Higher speeds require better stopping power. Replace brake pads with track-rated compounds (e.g., Ferodo DS2500), upgrade to stainless steel brake lines, and use high-temp brake fluid (Motul RBF600). For suspension, a set of coilovers (Ohlins or KW) will control the added weight transfer and keep the tires planted.

Wheels and Tires

Factory tires will struggle with 300 HP. Use 200-wear-rated summer tires (Michelin Pilot Sport 4S or Yokohama Advan A052) in 245/40R17 or 255/35R18 for better grip.

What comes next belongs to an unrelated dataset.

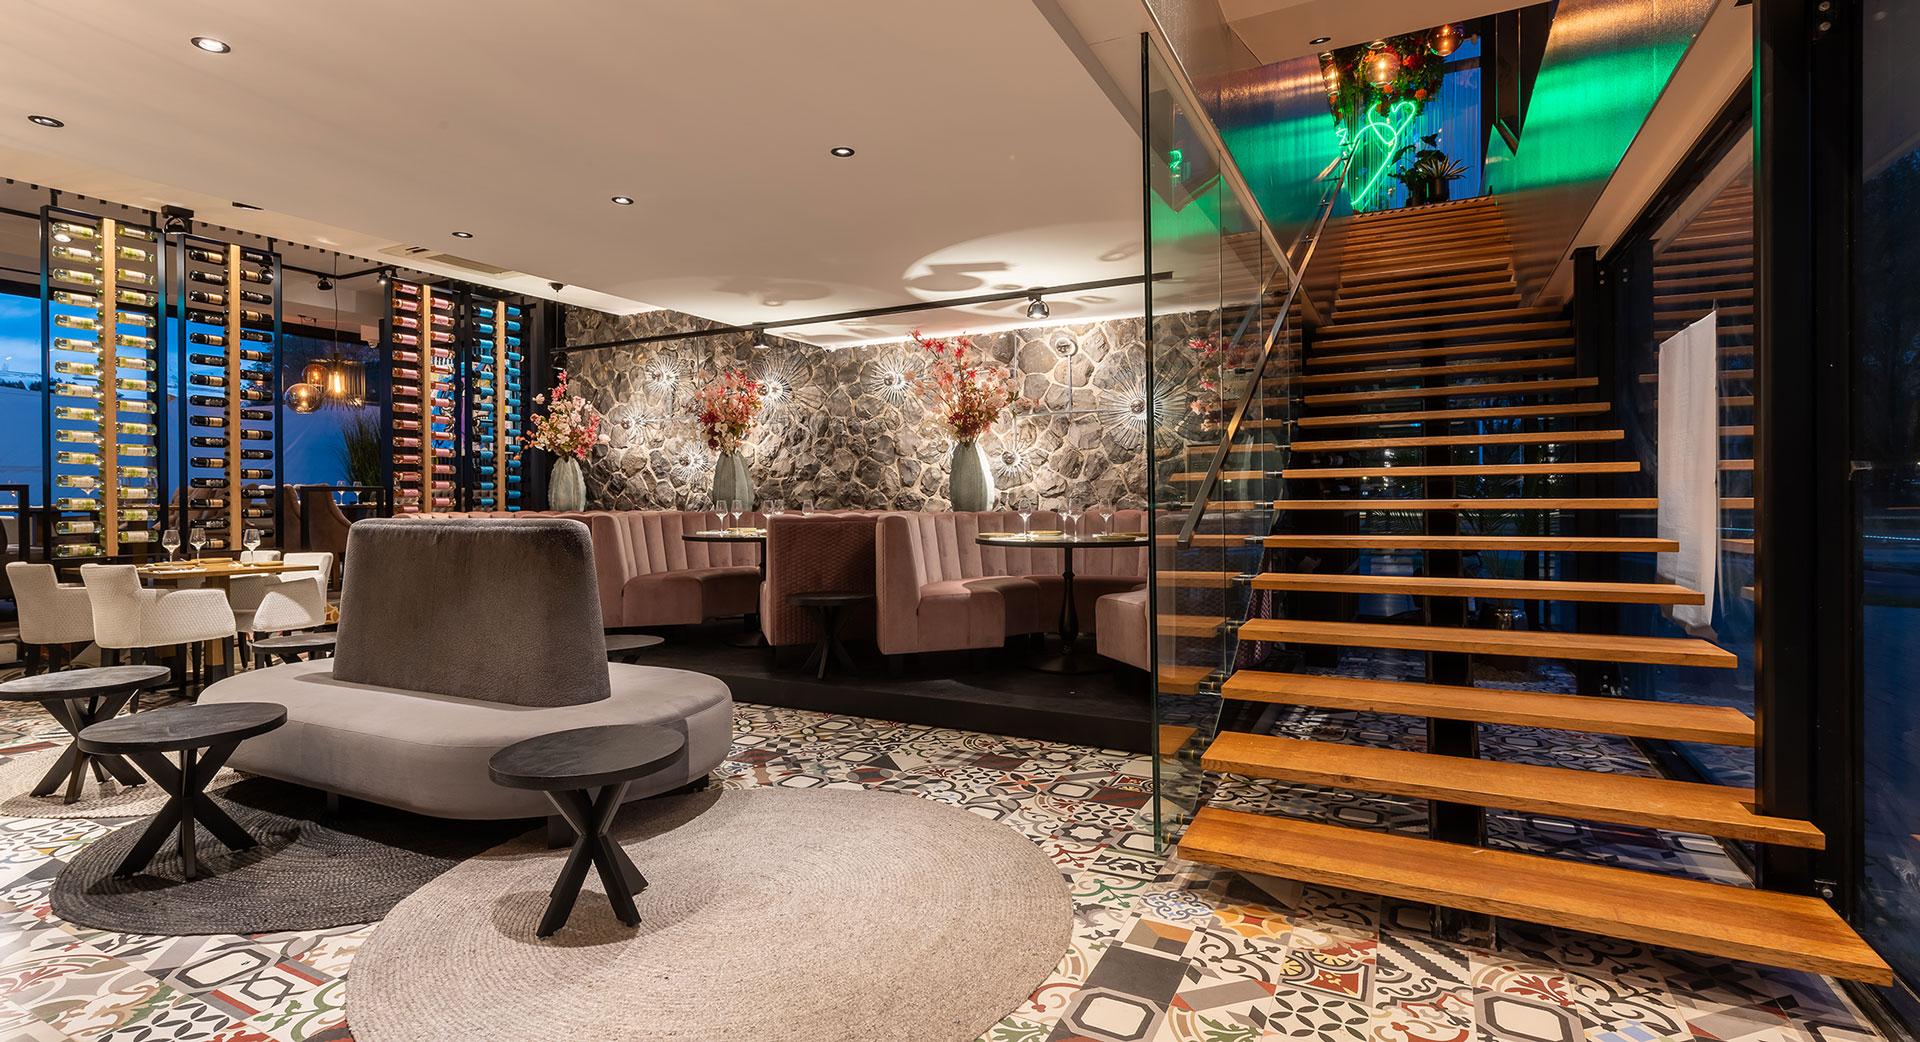 nieuwe-hotspot-amsterdam-restauran2t-oeverzicht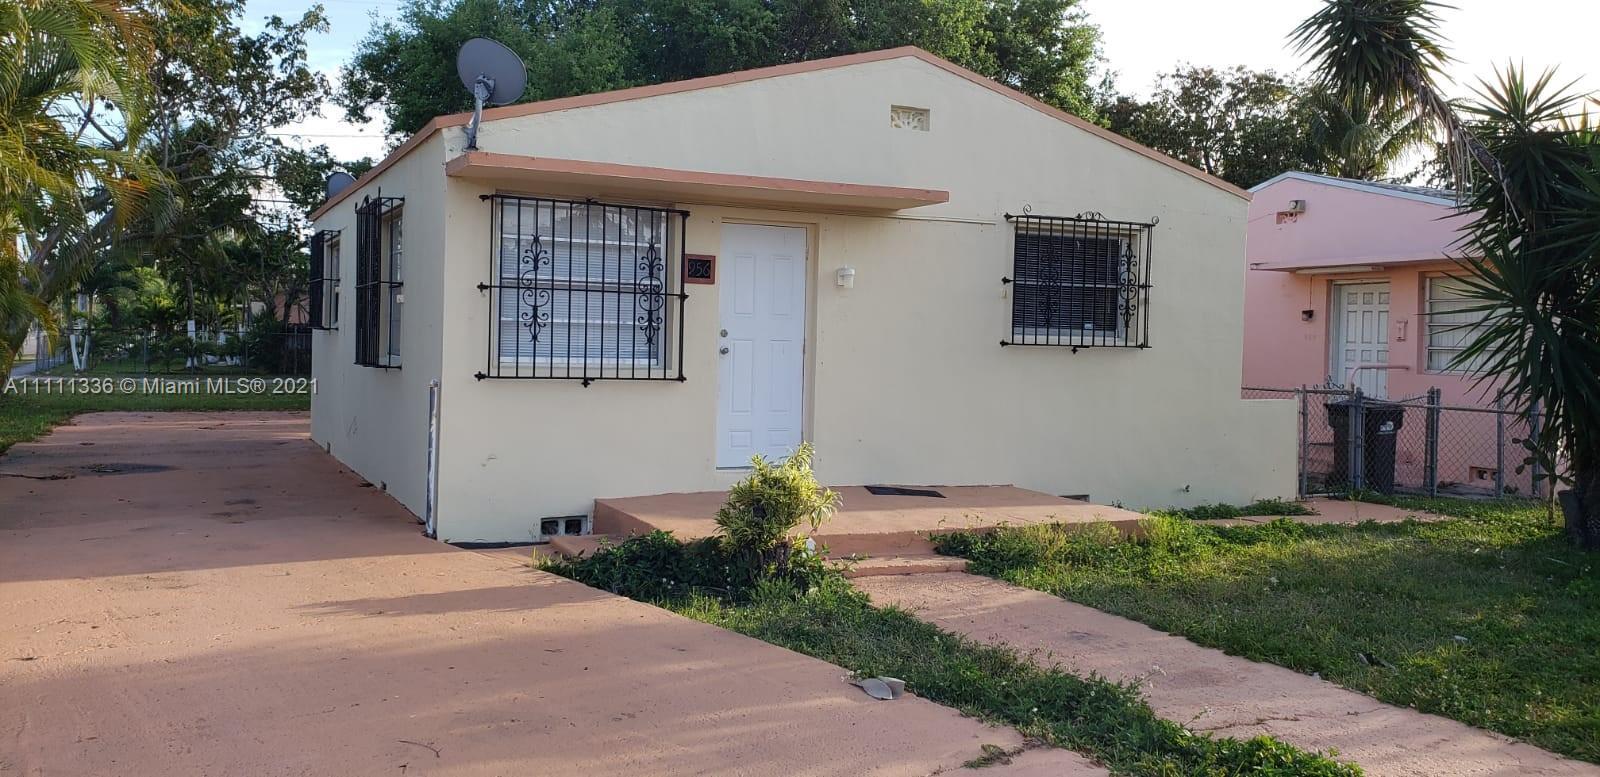 Single Family Home,For Sale,956 Superior St, Opa-Locka, Florida 33054,Brickell,realty,broker,condos near me

Wider wheels (9-9.5 inches) provide more contact patch.

Long-Term Maintenance and Common Issues

A turbocharged BRZ demands more attention than a stock one.

  • Oil Changes: Every 3,000–4,000 miles with high-quality synthetic oil. The turbo places more heat stress on oil.
  • Spark Plugs: Replace every 20,000 miles (one step colder). Fouled plugs can cause misfires under boost.
  • Check for Boost Leaks: Annual smoke test or listening for whistling noises.
  • Turbo Wastegate: Ensure the actuator rod moves freely; sticking can cause overboost.
  • Serpentine Belt: Upgrade to a Kevlar belt (stronger) as the stock belt can slip with added pulley resistance.

Common issues include blown intercooler couplers (upgrade to T-bolt clamps), cracked exhaust manifold if not properly supported, and oil leaks from the turbo oil return line. Address these promptly to prevent cascading failures.

External Resources

For further reading and official specifications, refer to the following:

Conclusion

The Cosworth Turbo Kit is one of the most complete and reliable ways to bring the Subaru BRZ to 300 horsepower. By understanding each component, following a precise installation, and investing in professional tuning and supporting upgrades, you can create a car that is both faster and still dependable for daily driving or track days. The key is patience—do not cut corners on cooling, fuel system, or clutch. With the right approach, your turbocharged BRZ will put a smile on your face every time the boost hits.